Automated field-in-field planning for tangential breast radiation therapy based on digitally reconstructed radiograph.

May 12, 2025pubmed logopapers

Authors

Srikornkan P,Khamfongkhruea C,Intanin P,Thongsawad S

Affiliations (4)

  • Medical Physics Program, Princess Srisavangavadhana Faculty of Medicine, Chulabhorn Royal Academy, Bangkok, Thailand.
  • Department of Radiation Oncology, Chulabhorn Hospital, Chulabhorn Royal Academy, Bangkok, Thailand; Medical Physics Program, Princess Srisavangavadhana Faculty of Medicine, Chulabhorn Royal Academy, Bangkok, Thailand.
  • Department of Radiation Oncology, Chulabhorn Hospital, Chulabhorn Royal Academy, Bangkok, Thailand.
  • Department of Radiation Oncology, Chulabhorn Hospital, Chulabhorn Royal Academy, Bangkok, Thailand; Medical Physics Program, Princess Srisavangavadhana Faculty of Medicine, Chulabhorn Royal Academy, Bangkok, Thailand. Electronic address: [email protected].

Abstract

The tangential field-in-field (FIF) technique is a widely used method in breast radiation therapy, known for its efficiency and the reduced number of fields required in treatment planning. However, it is labor-intensive, requiring manual shaping of the multileaf collimator (MLC) to minimize hot spots. This study aims to develop a novel automated FIF planning approach for tangential breast radiation therapy using Digitally Reconstructed Radiograph (DRR) images. A total of 78 patients were selected to train and test a fluence map prediction model based on U-Net architecture. DRR images were used as input data to predict the fluence maps.
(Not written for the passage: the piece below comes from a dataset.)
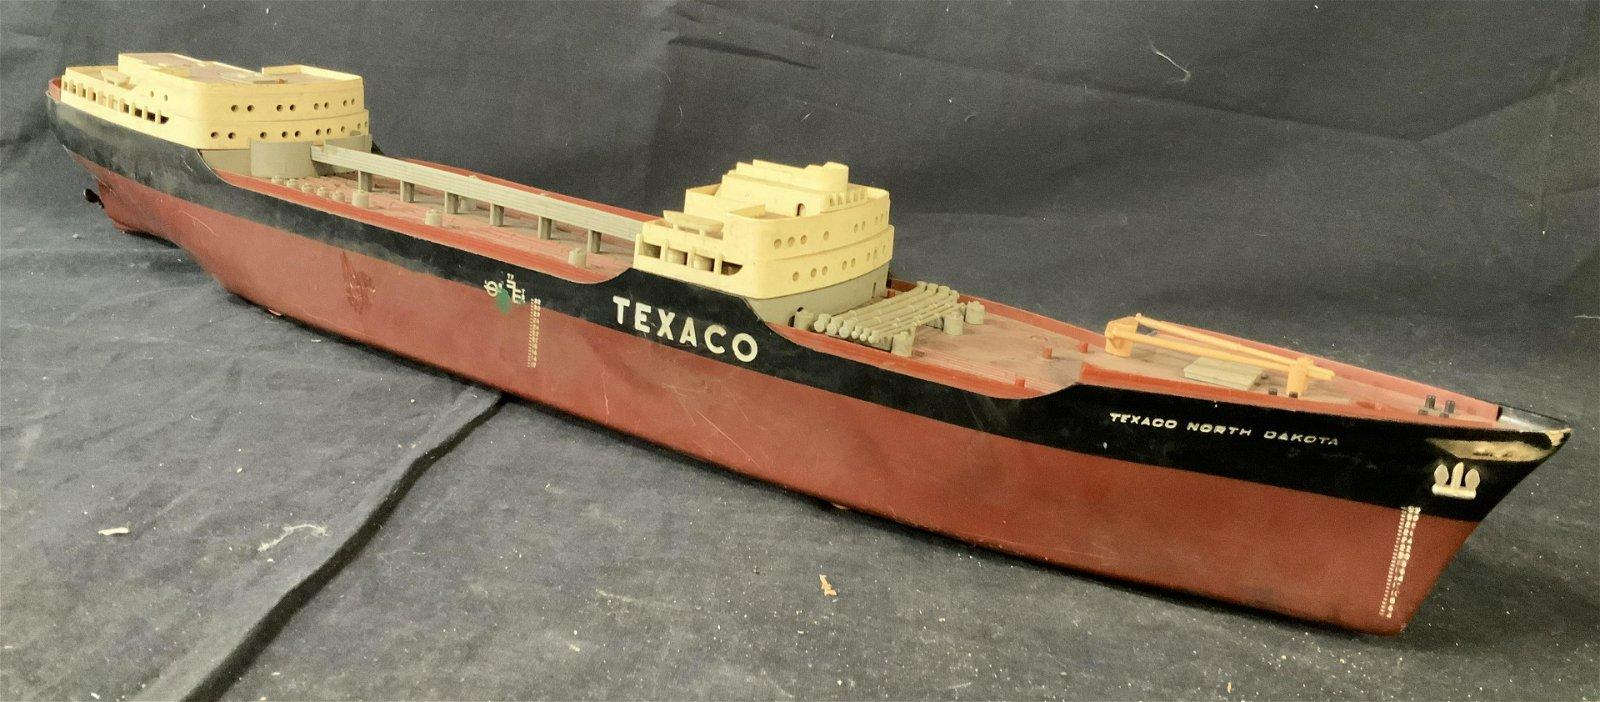 Vintage TEXACO Oil Barrel Ship Replica
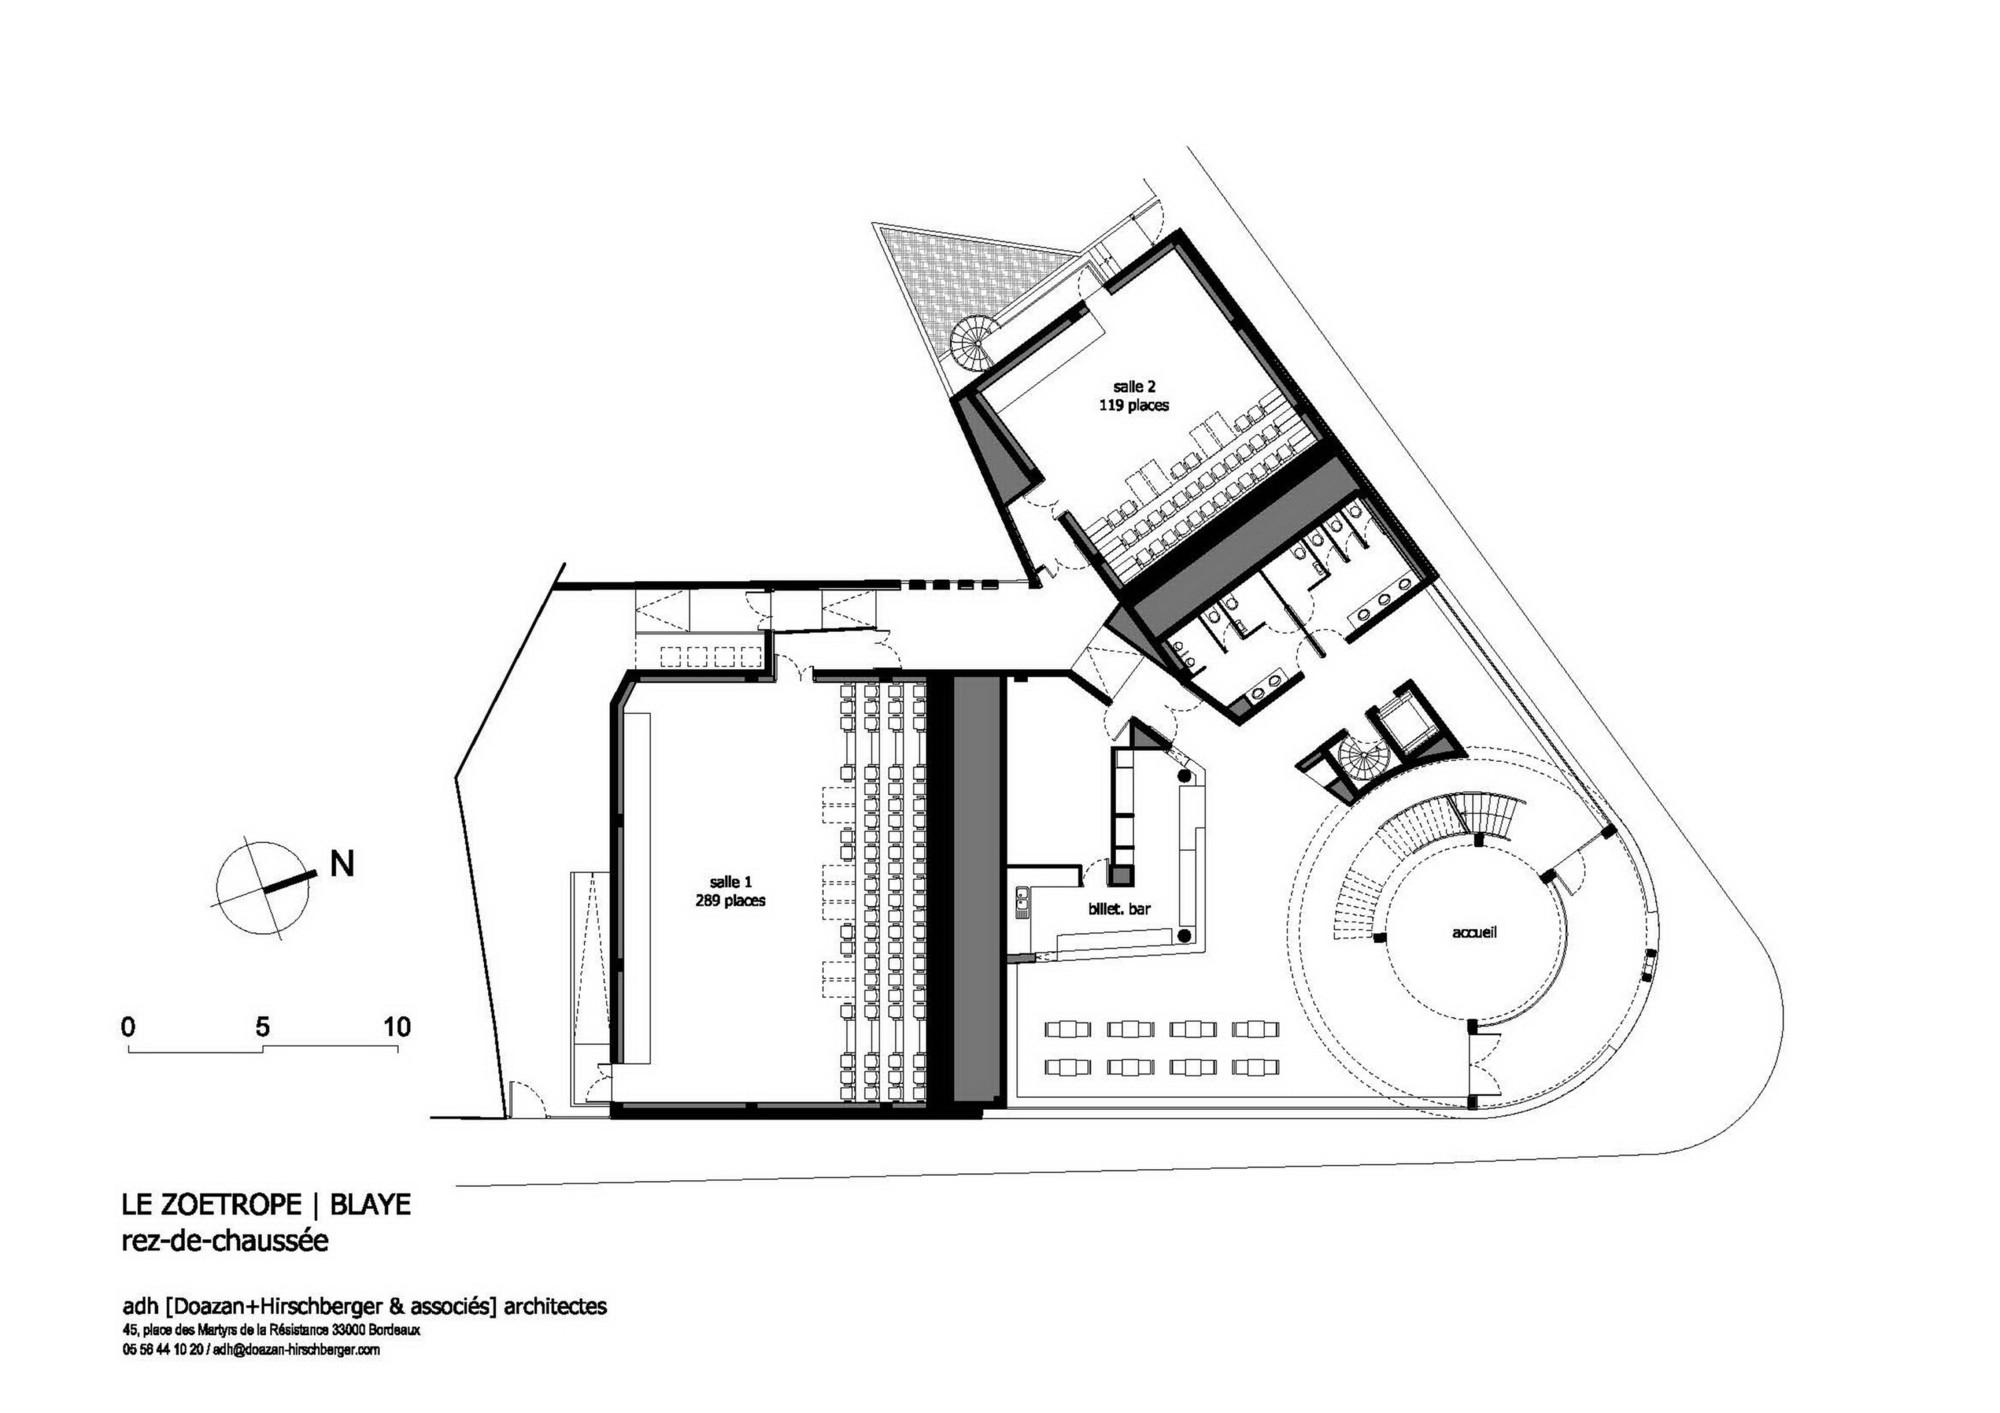 Zoetrope Cinema / ADH. Ground Floor Plan

The predicted fluence maps for each treatment plan were then converted into MLC positions and exported as Digital Imaging and Communications in Medicine (DICOM) files. These files were used to recalculate the dose distribution and assess dosimetric parameters for both the PTV and OARs. The mean absolute error (MAE) between the predicted and original fluence map was 0.007 ± 0.002. The result of gamma analysis indicates strong agreement between the predicted and original fluence maps, with gamma passing rate values of 95.47 ± 4.27 for the 3 %/3 mm criteria, 94.65 ± 4.32 for the 3 %/2 mm criteria, and 83.4 ± 12.14 for the 2 %/2 mm criteria. The plan quality, in terms of tumor coverage and doses to organs at risk (OARs), showed no significant differences between the automated FIF and original plans. The automated plans yielded promising results, with plan quality comparable to the original.